Clytemnestra Is a Fiercely Feminist New Take on One of Greek Mythology’s Most Wicked Women

One of the most satisfying trends in publishing over the past few years has been the rise of the feminist mythological retelling, stories explicitly aimed at reevaluating and reassessing some of Western literature’s most famous foundational stories by putting oft-ignored or allegedly villainous women at their centers. Clytemnestra is perhaps one of Greek mythology’s most frequently revisited (and reviled) figures—she appears in ancient works ranging from Homer to Aeschylus to Sophocles and is a woman whose motives and impact we’re still trying to unpack in contemporary works today.
Authors like Jennifer Saint (Elektra) and Natalie Haynes (A Thousand Ships) have included her as a perspective character in their recent novels, but Costanza Casti’s Clytemnestra is the first to put the Spartan princess (and future Mycenaen queen) and her story front and center. But the trick of this novel, and what ultimately makes it such a compelling read, is its determination to depict its titular character as a complete and fully realized woman, a figure who is more than her worst deeds and whose story is worth telling in its own right.

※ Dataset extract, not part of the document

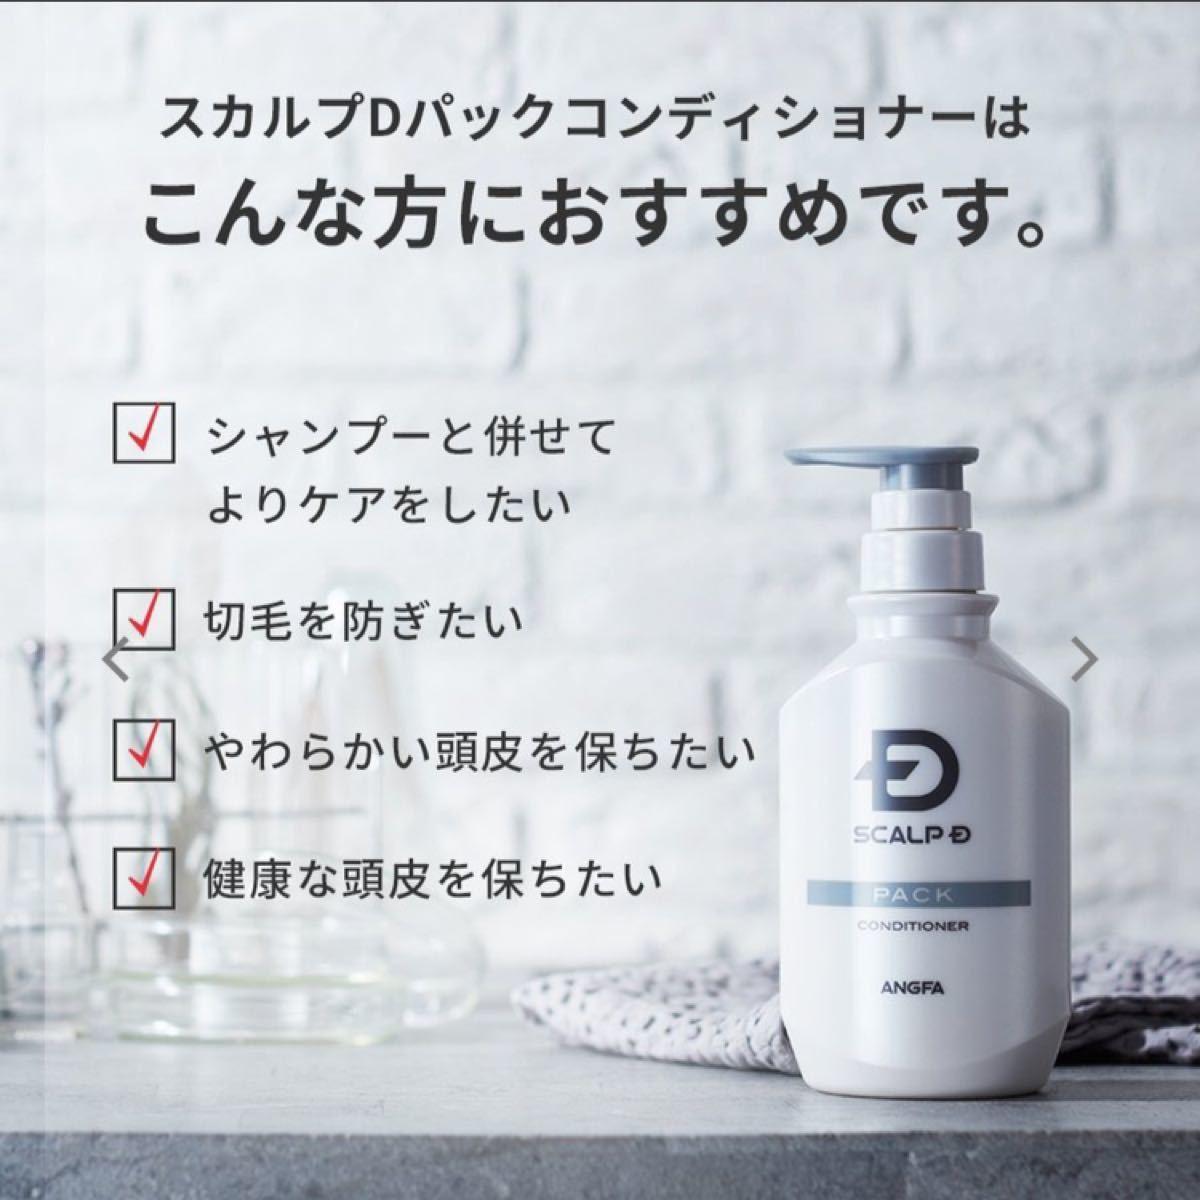 【未使用】スカルプD シャンプーオイリー&コンディショナーセット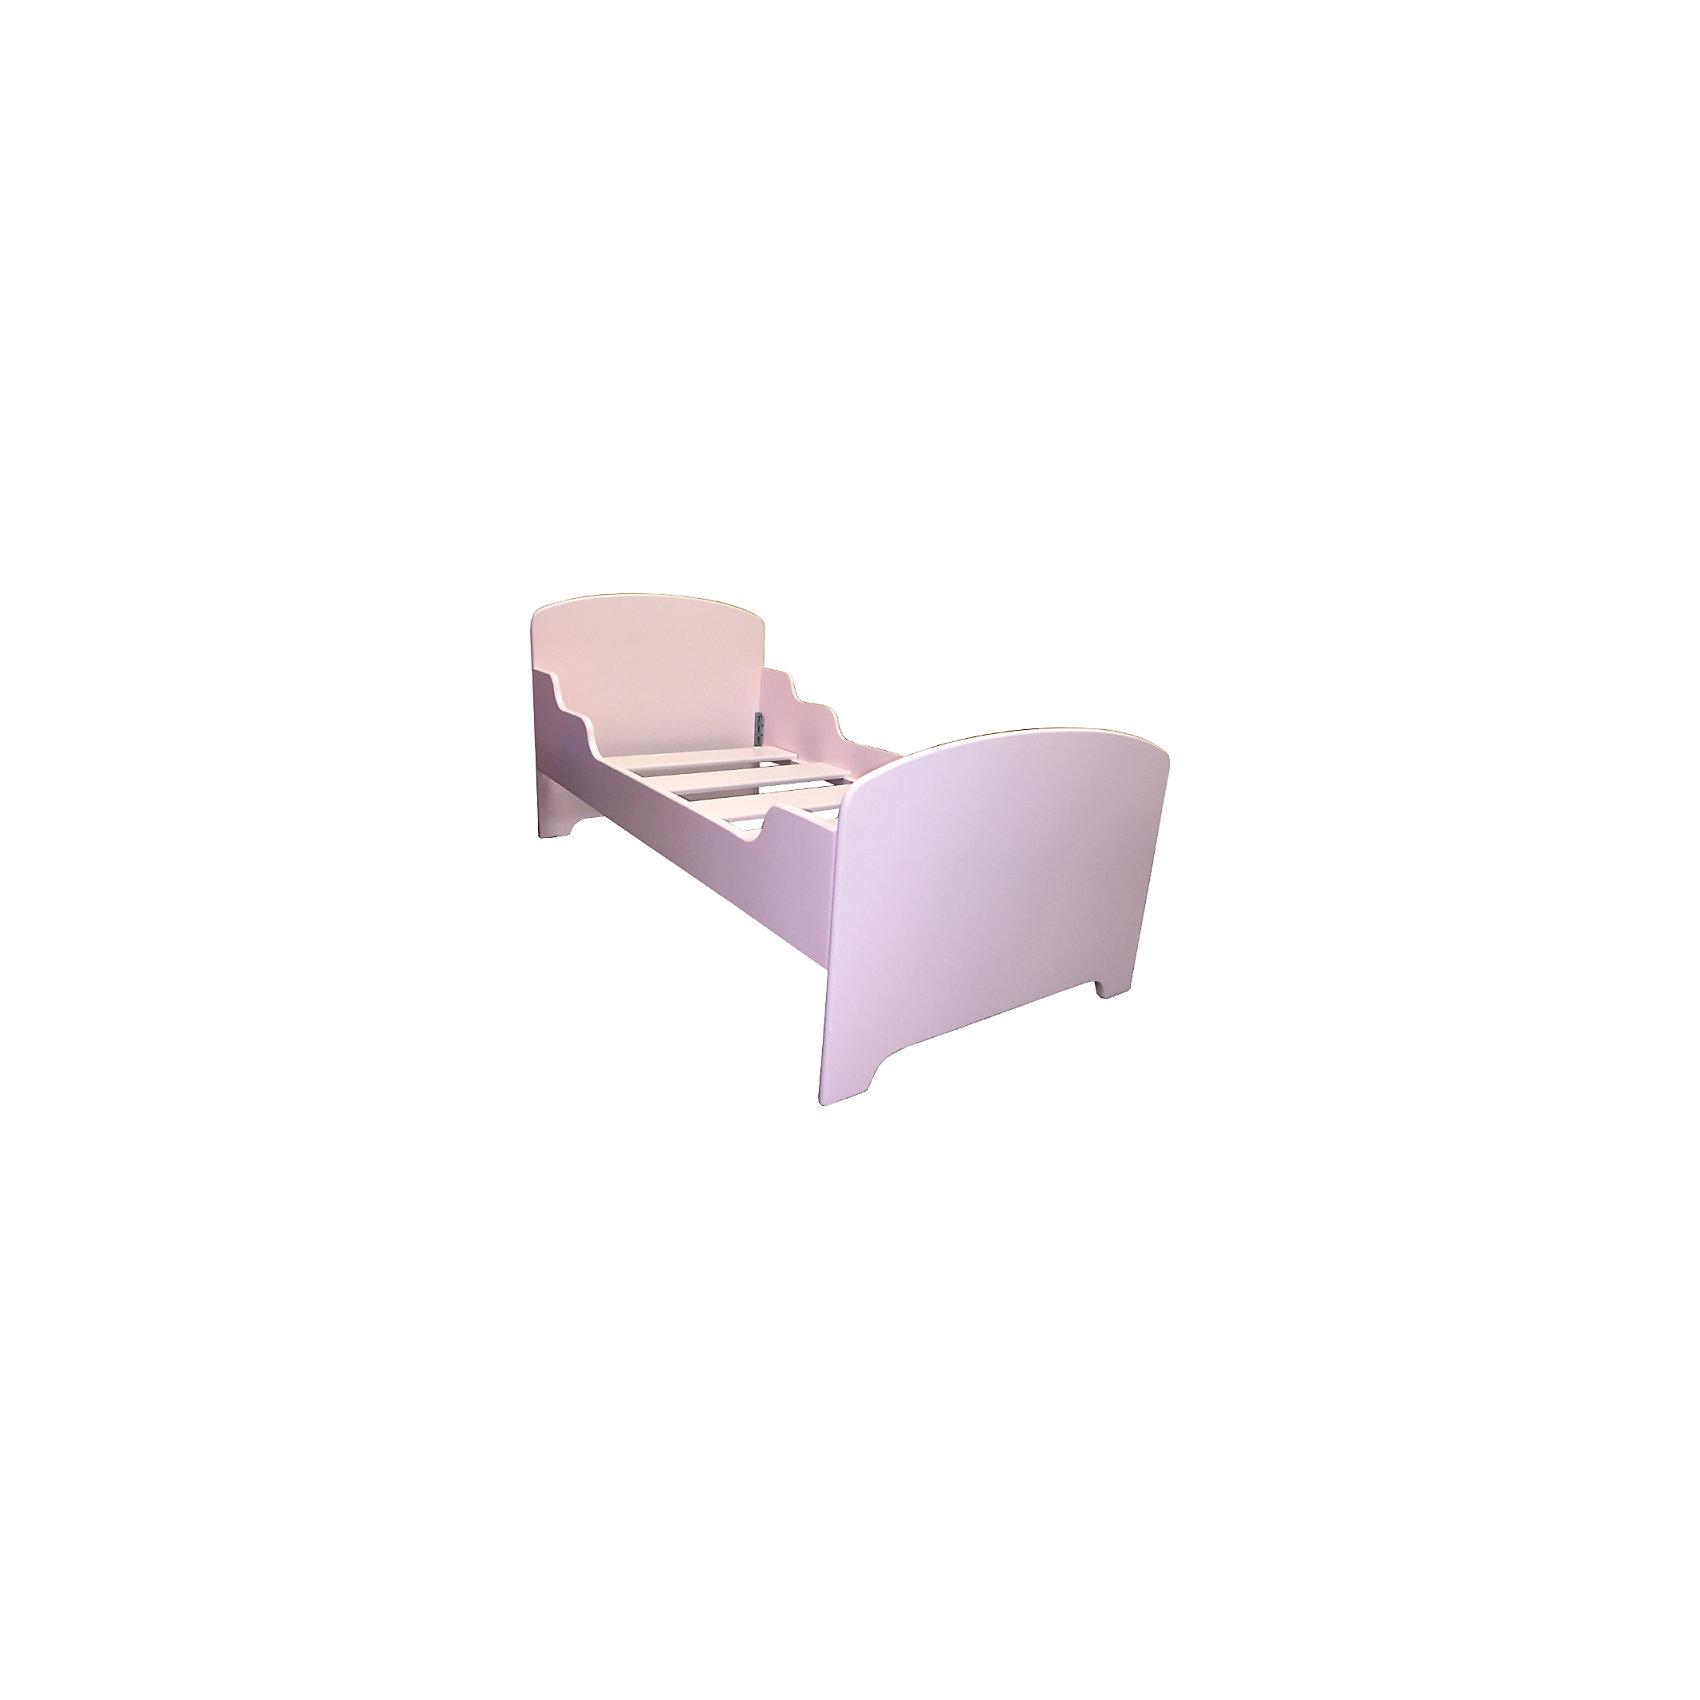 Кроватка детская 140 х 70 , Русэкомебель, розовыйХарактеристики товара:<br><br>• цвет: розовый<br>• высота изголовья: 80 см<br>• длина спального места: 140 см<br>• ширина спального места: 70 см<br>• высота от пола: 30 см<br>• в комплекте: инструкция по сборке <br>• материал: МДФ <br>• возраст: от трех лет<br>• высота изножья: 60 см<br>• матрас в комплект не входит<br>• экологически чистые материалы<br>• соответствие санитарным нормам<br>• страна бренда: РФ<br>• страна изготовитель: РФ<br><br>Красивая и удобная кроватка приятного цвета разработана специально для детей. Она имеет универсальный размер, поэтому подобрать для неё матрас, одеяло, подушку и постельное бельё не составит труда.<br>Кровать произведена из экологически чистых материалов, которые не вызовут аллергии и не будут негативно влиять на здоровье малыша. Она надежно сделана и отлично обработана! Модель производится из качественных и проверенных материалов, которые безопасны для детей.<br><br>Кроватку детскую 140 х 70 от бренда Русэкомебель можно купить в нашем интернет-магазине.<br><br>Ширина мм: 1400<br>Глубина мм: 700<br>Высота мм: 170<br>Вес г: 38000<br>Возраст от месяцев: 36<br>Возраст до месяцев: 84<br>Пол: Женский<br>Возраст: Детский<br>SKU: 5185084

Casati’s debut spends less than a quarter of its length on the events that most people associate with the name “Clytemnestra”—the sacrifice of her daughter Iphigenia in the name of a fair wind for Greece’s soldiers, her violent plot to take revenge against her husband for his involvement in her child’s murder, and her lengthy rule over the kingdom of Mycenae while Agamemnon is at war in Troy. The reason we are all fairly familiar with that part of her story is, of course, that it’s a bloody tale of a bad woman who kills a supposedly heroic man, and which casts a mother’s rage and grief over the death of her child as somehow less than a king’s right to glory and conquest. But, intriguingly, that’s not the part of her story that Casati’s terribly interested in exploring. We’ve seen it before, after all.
Instead, Clytemnestra spends much of its time on its titular character’s origins, and in doing so, it manages to make the essential plot beats of a story we all know the ending to feel fresh and new. The grim conclusion of her life is given a sweeping, tragic, and painfully personal feel by making it part of a larger pattern of suffering and survival, and Clytemnestra’s desire for revenge and control of her fate is presented as something that’s been building throughout her story.